Герцен молчал о политике, опасаясь разрушить дружбу, и находил, что с этой стороны одиночество его продолжается. «Жизнь, – говорил он о себе, – несмотря на любовь, дружбу, разговор и письма, все же не давала мне достаточно жизни». Он скучал. Ведь еще и теперь, через шестьдесят лет, умный человек не всегда знает, что ему делать в провинции, и не способен переварить пустоты и однообразия ее существования. Поневоле он рвется на огонь, в столицу, где если не очень много хорошего, зато много возможностей хорошего, много ожиданий и не меньше иллюзий. Цезарь был, вероятно, не совсем искренен, уверяя, что предпочел бы первое место в деревне второму в Риме. Для Цезарей – в деревне нет места…
Полные отчаяния и тоски письма Натальи Александровны продолжали приходить. Остановимся еще немного на этом романе, исполненном поэзии и правды жизни.
Ее жених – полковник – понравился всем. Сенатор его ласкал, отец Герцена находил, что «лучше жениха нельзя ждать и желать не должно». Княгиня ничего не говорила прямо, но притесняла все больше и торопила дело. Девушка пробовала прикидываться при женихе совершенной дурочкой, думая, что этим отстращает его. Нисколько, он продолжал ездить чаще и чаще.

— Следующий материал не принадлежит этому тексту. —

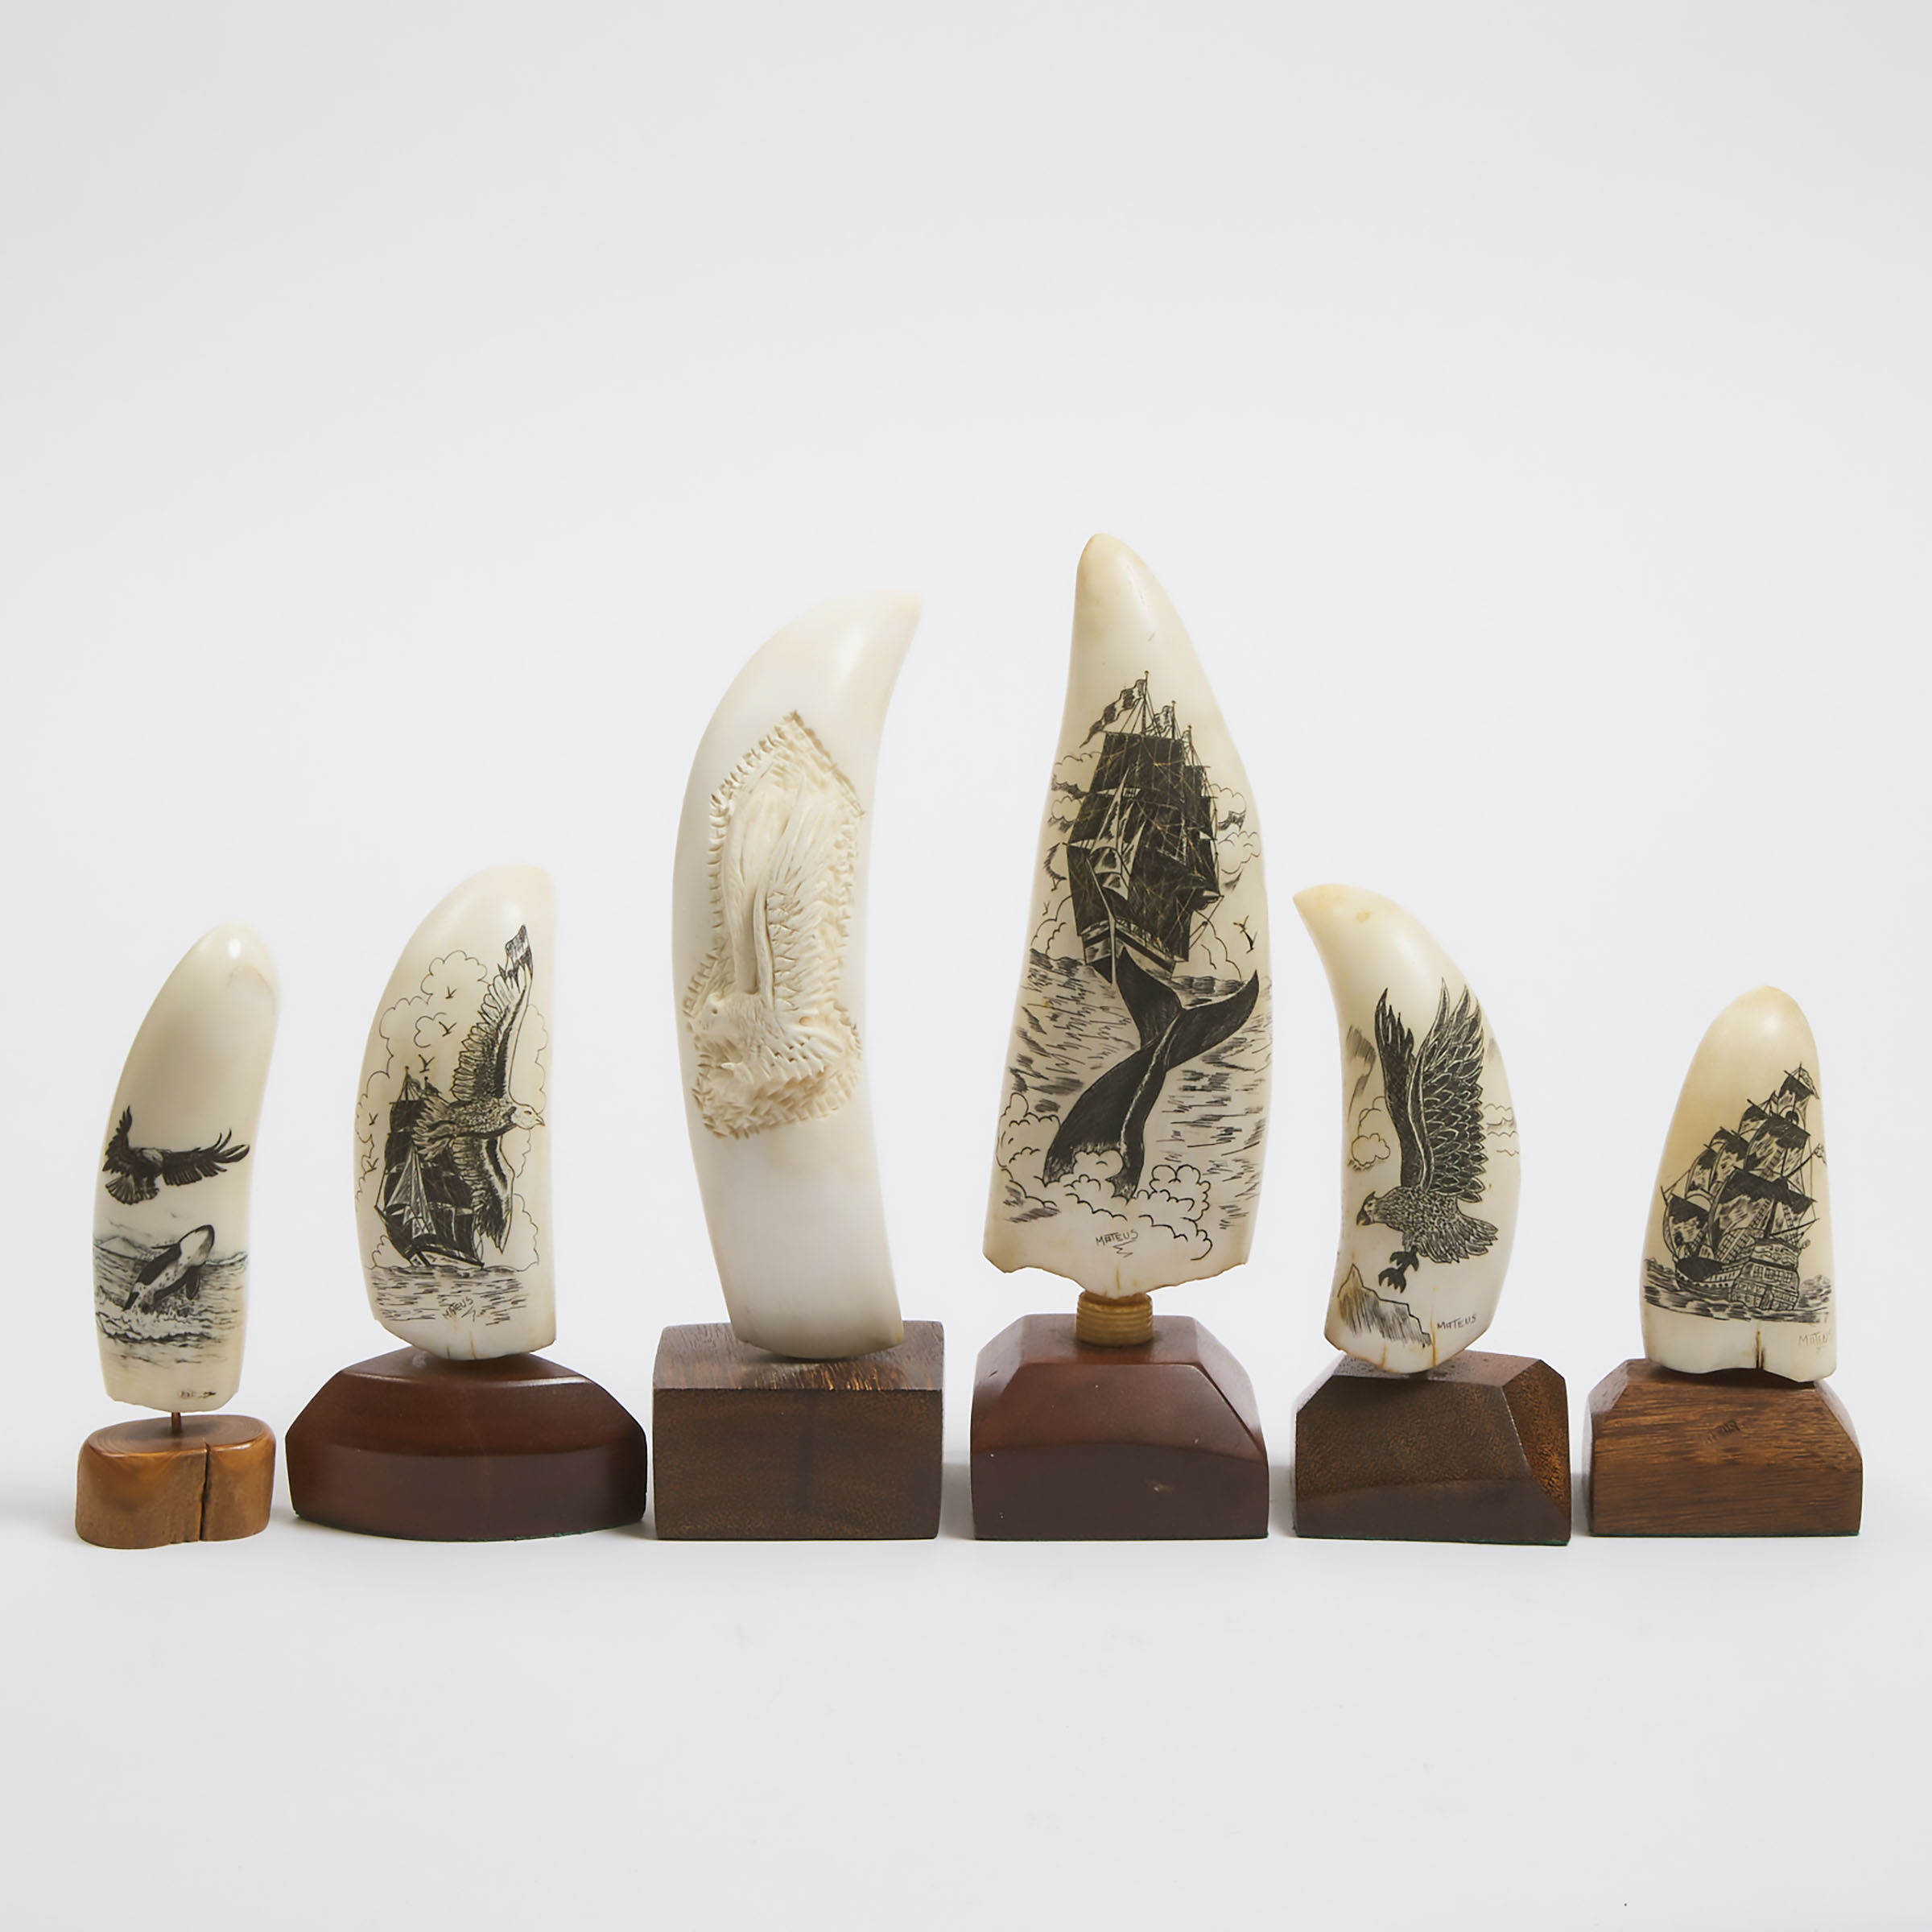 Six Scrimshawed or Carved Whale Teeth, late 20th century
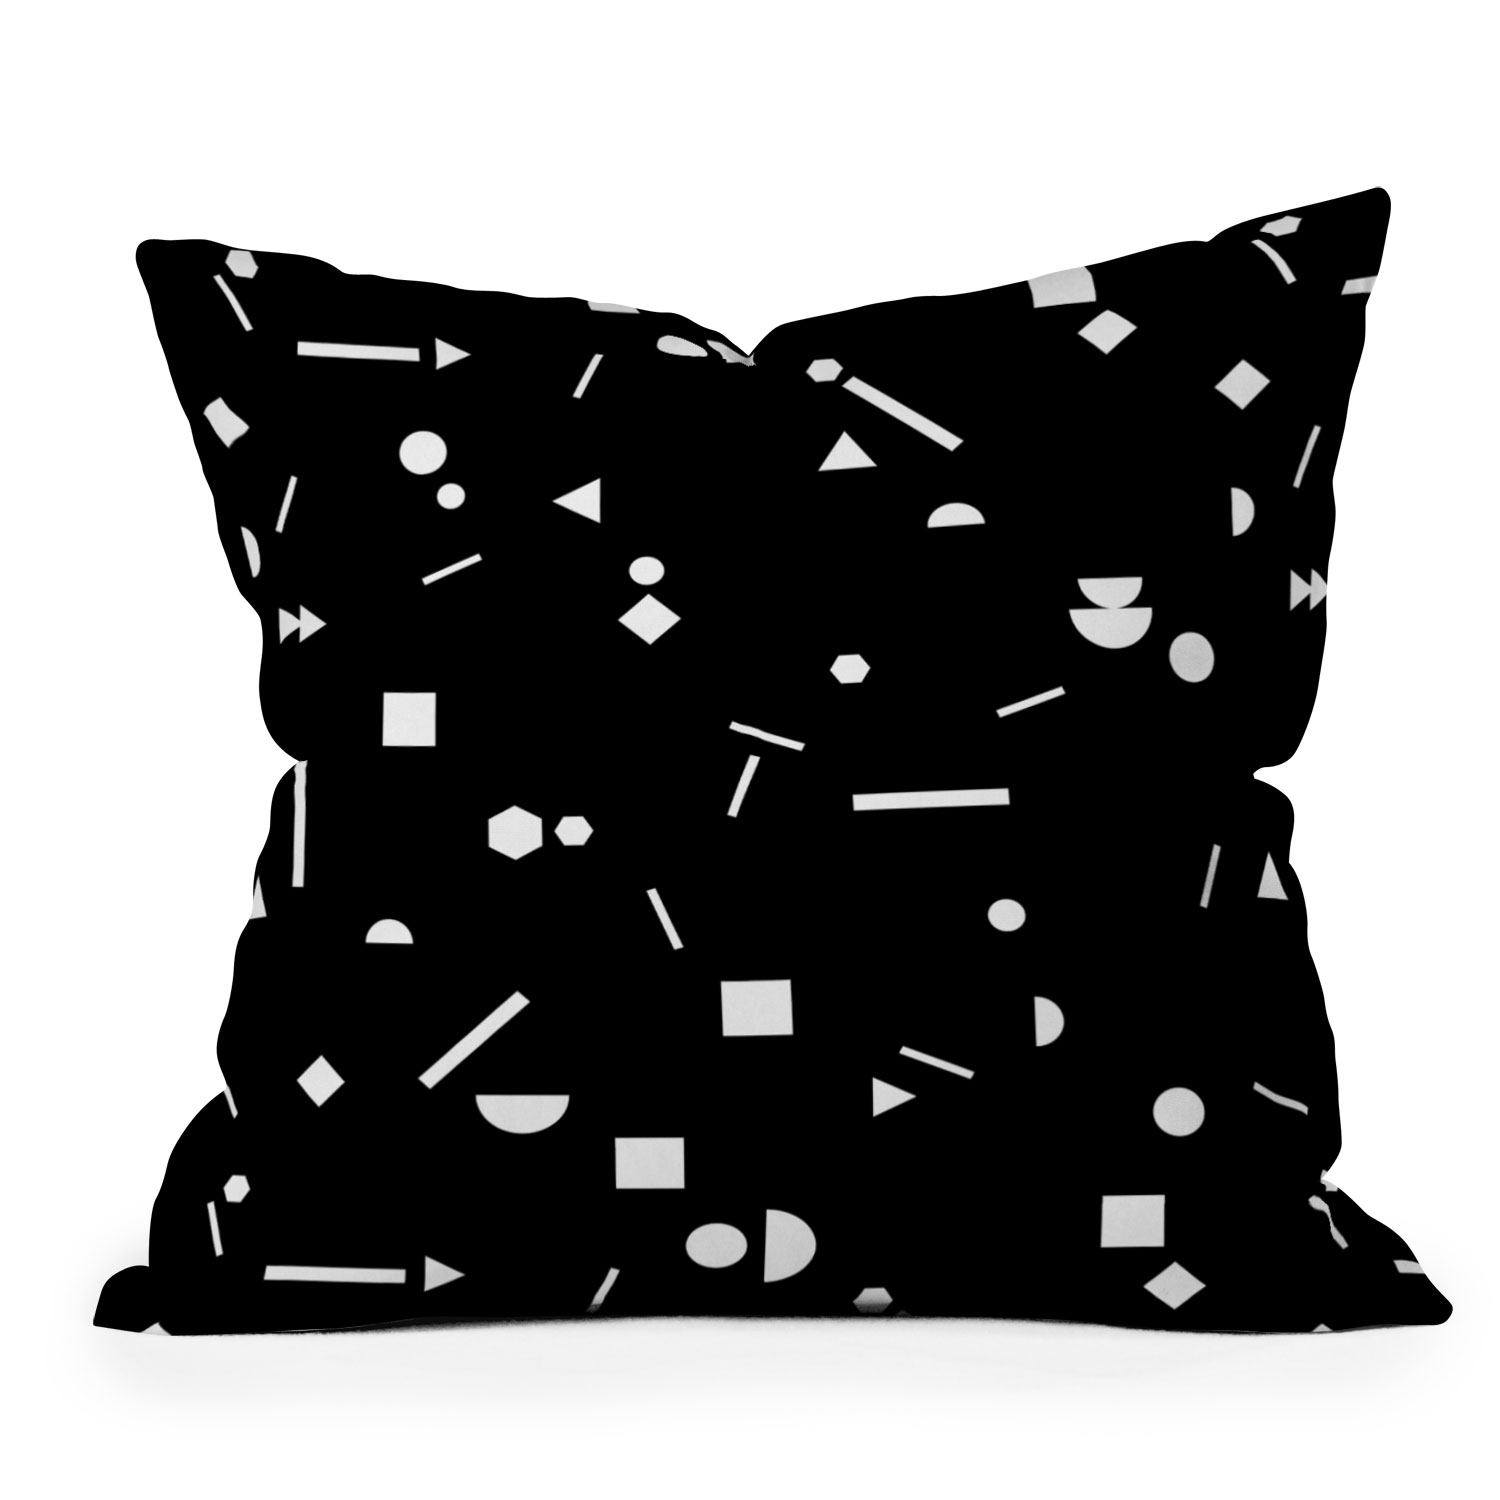 My Favorite Pattern 3 Black by Mareike Boehmer - Outdoor Throw Pillow 16" x 16" - Image 0

«Вчера, – пишет она, – была у меня Эмилия, вот что она сказала: „Если бы я услышала, что ты умерла, я бы с радостью перекрестилась и поблагодарила бы Бога“. Она права во многом, но не совсем; душа ее, живущая одним горем, поняла вполне страдания моей души, но блаженство, которым ее наполняет любовь, едва ли ей доступно».
Княгиня, несмотря на препятствия, не унывала.
«Желая очистить свою совесть, она призвала священника, знакомого с полковником, и спрашивала его, не грех ли будет отдать меня насильно? Священник сказал, что будет даже богоугодно пристроить сироту. Я пошла за своим духовником и открыла ему все».